• [Material provided]
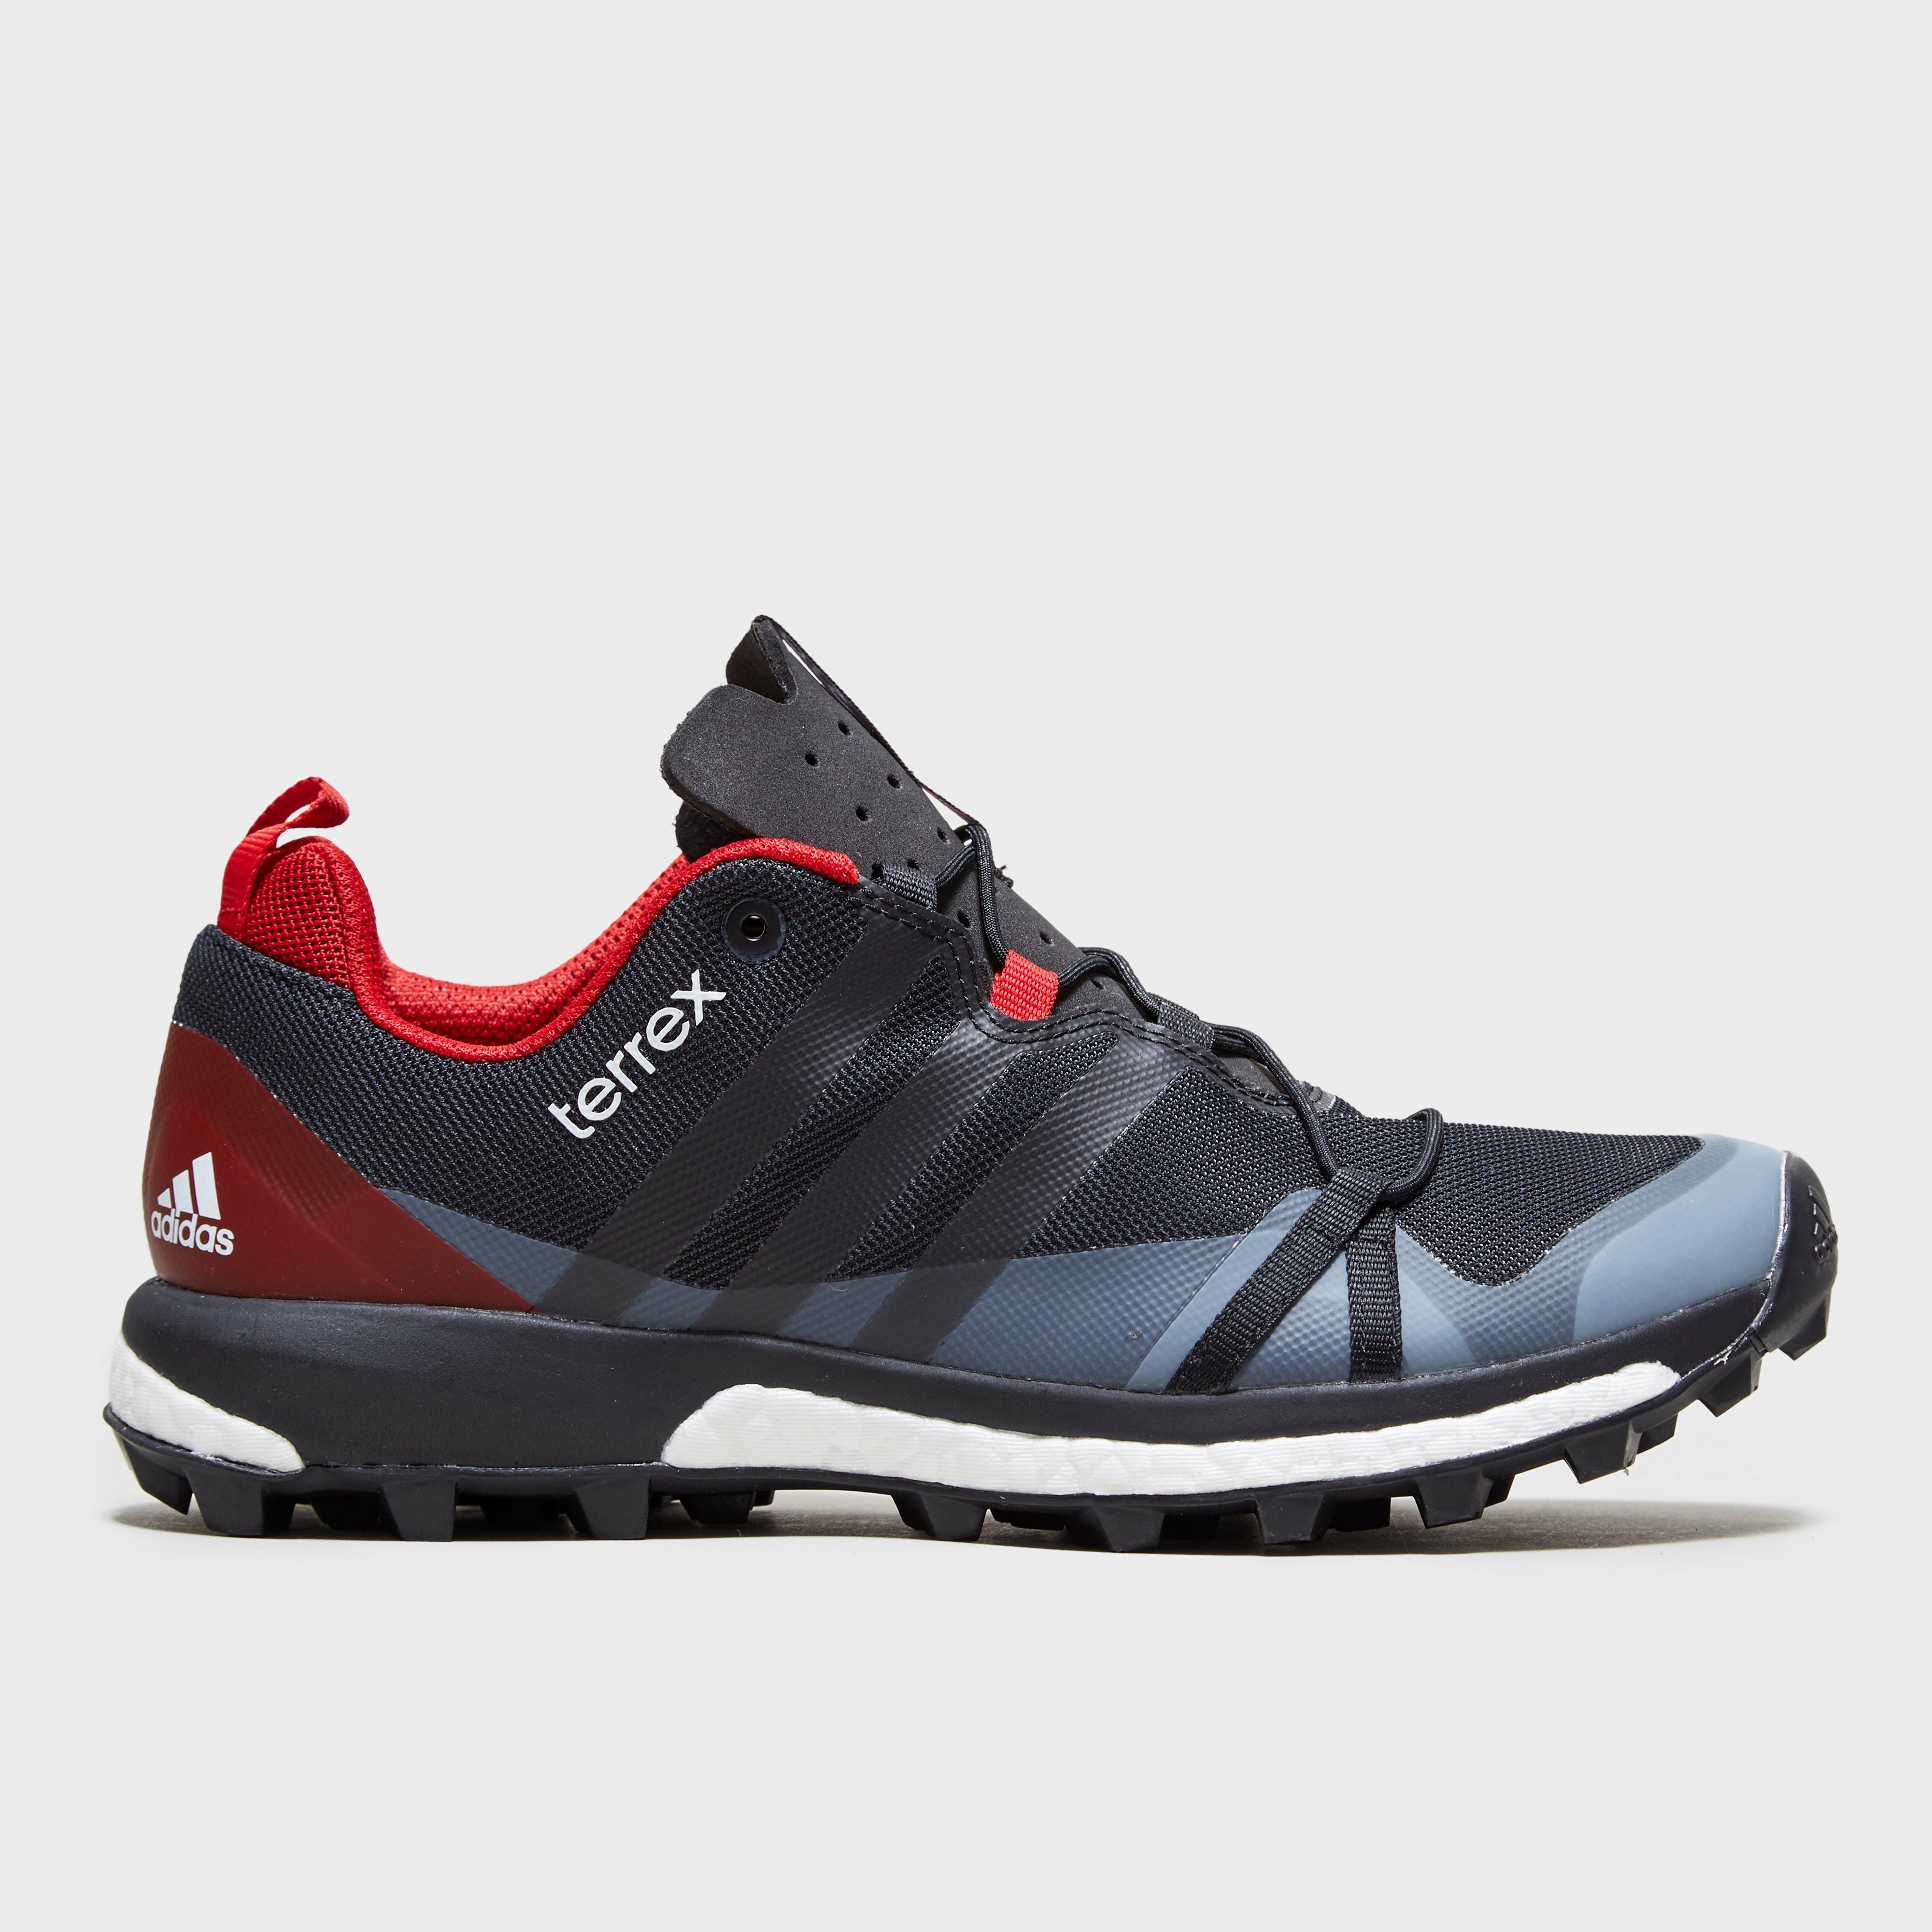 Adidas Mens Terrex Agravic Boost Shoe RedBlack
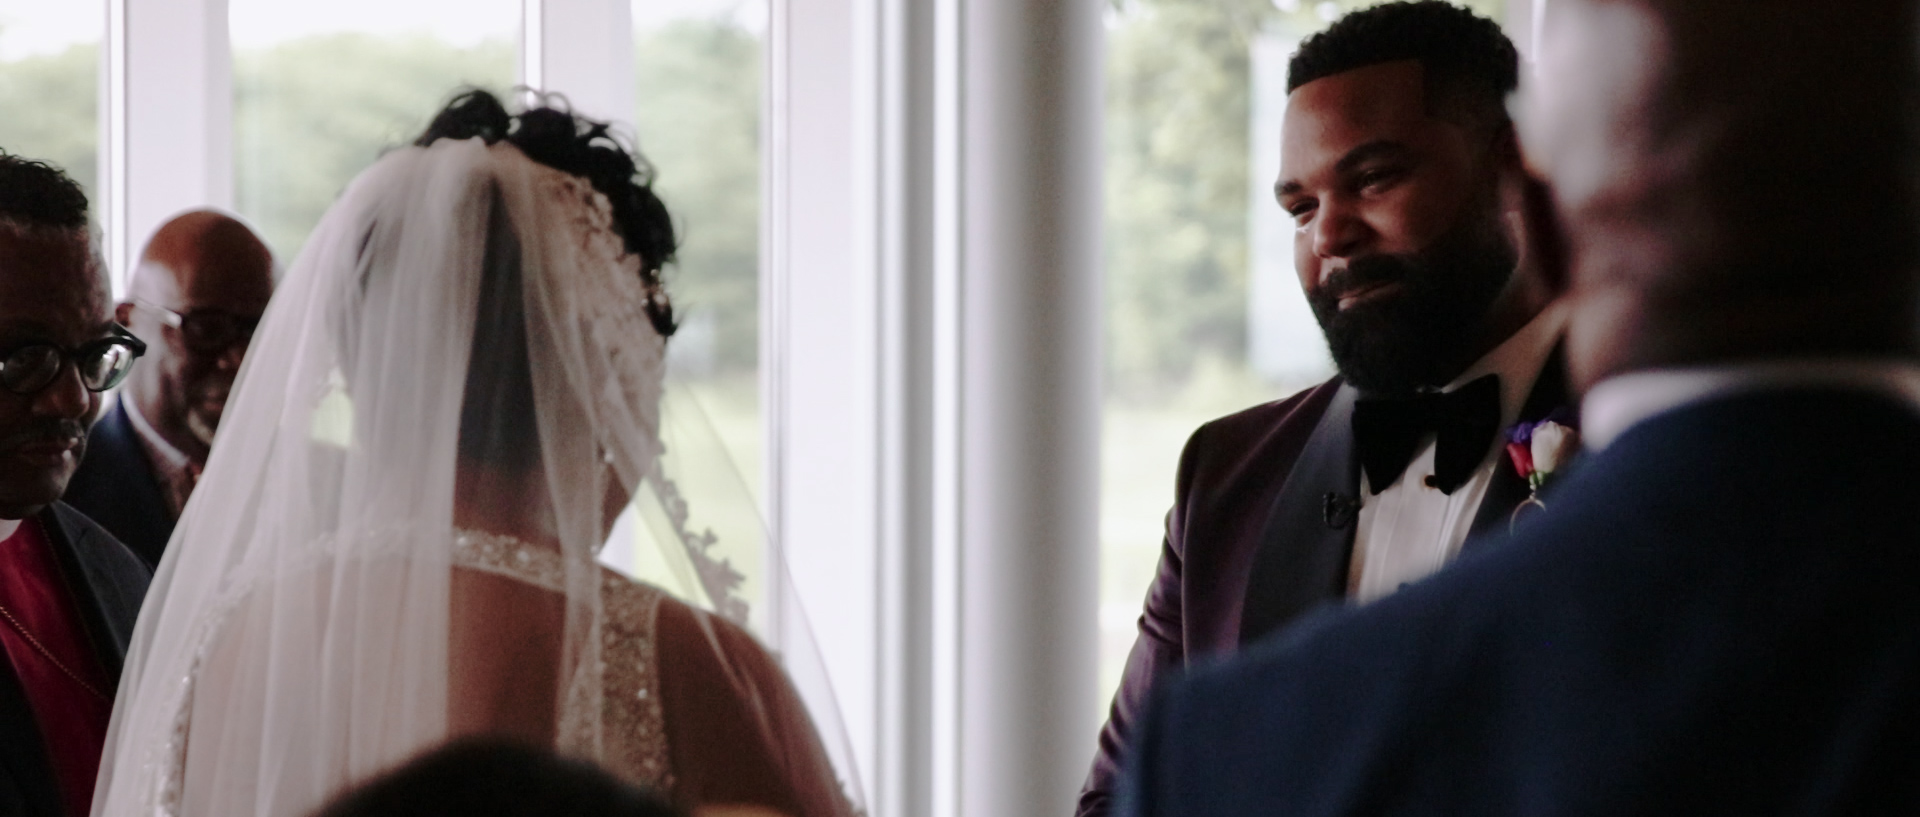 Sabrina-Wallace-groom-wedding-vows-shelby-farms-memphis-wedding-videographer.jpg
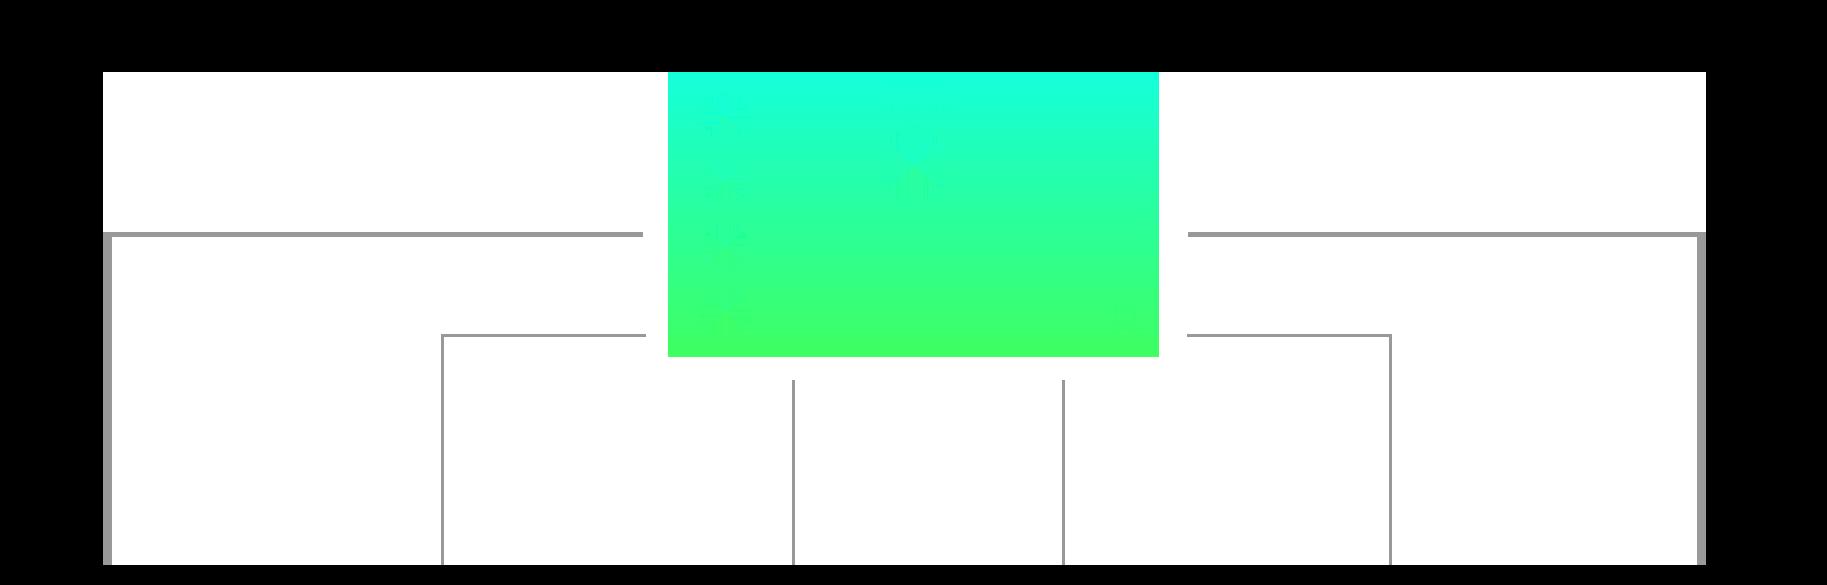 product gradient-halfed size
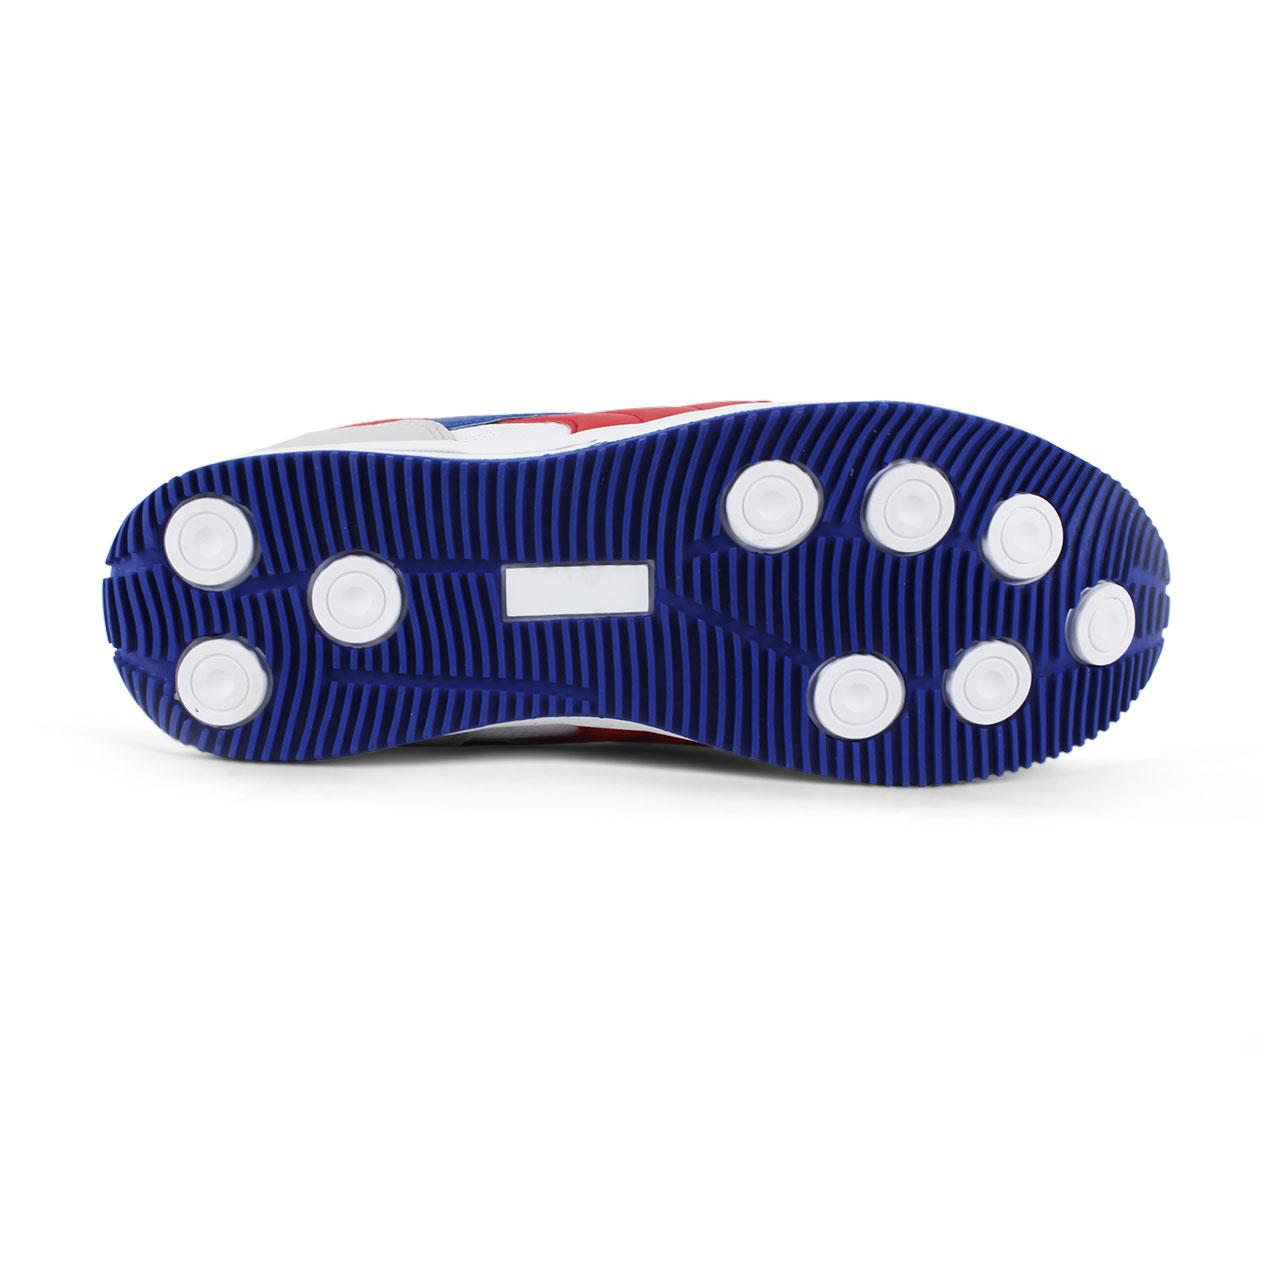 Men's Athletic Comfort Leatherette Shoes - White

• [Work request] The material above is to be set down exactly, with pictures removed.

• [Exercise answer]
 Adidas Mens Terrex Agravic Boost Shoe RedBlack
 Sabrina-Wallace-groom-wedding-vows-shelby-farms-memphis-wedding-videographer.jpg
 product gradient-halfed size
 Men's Athletic Comfort Leatherette Shoes - White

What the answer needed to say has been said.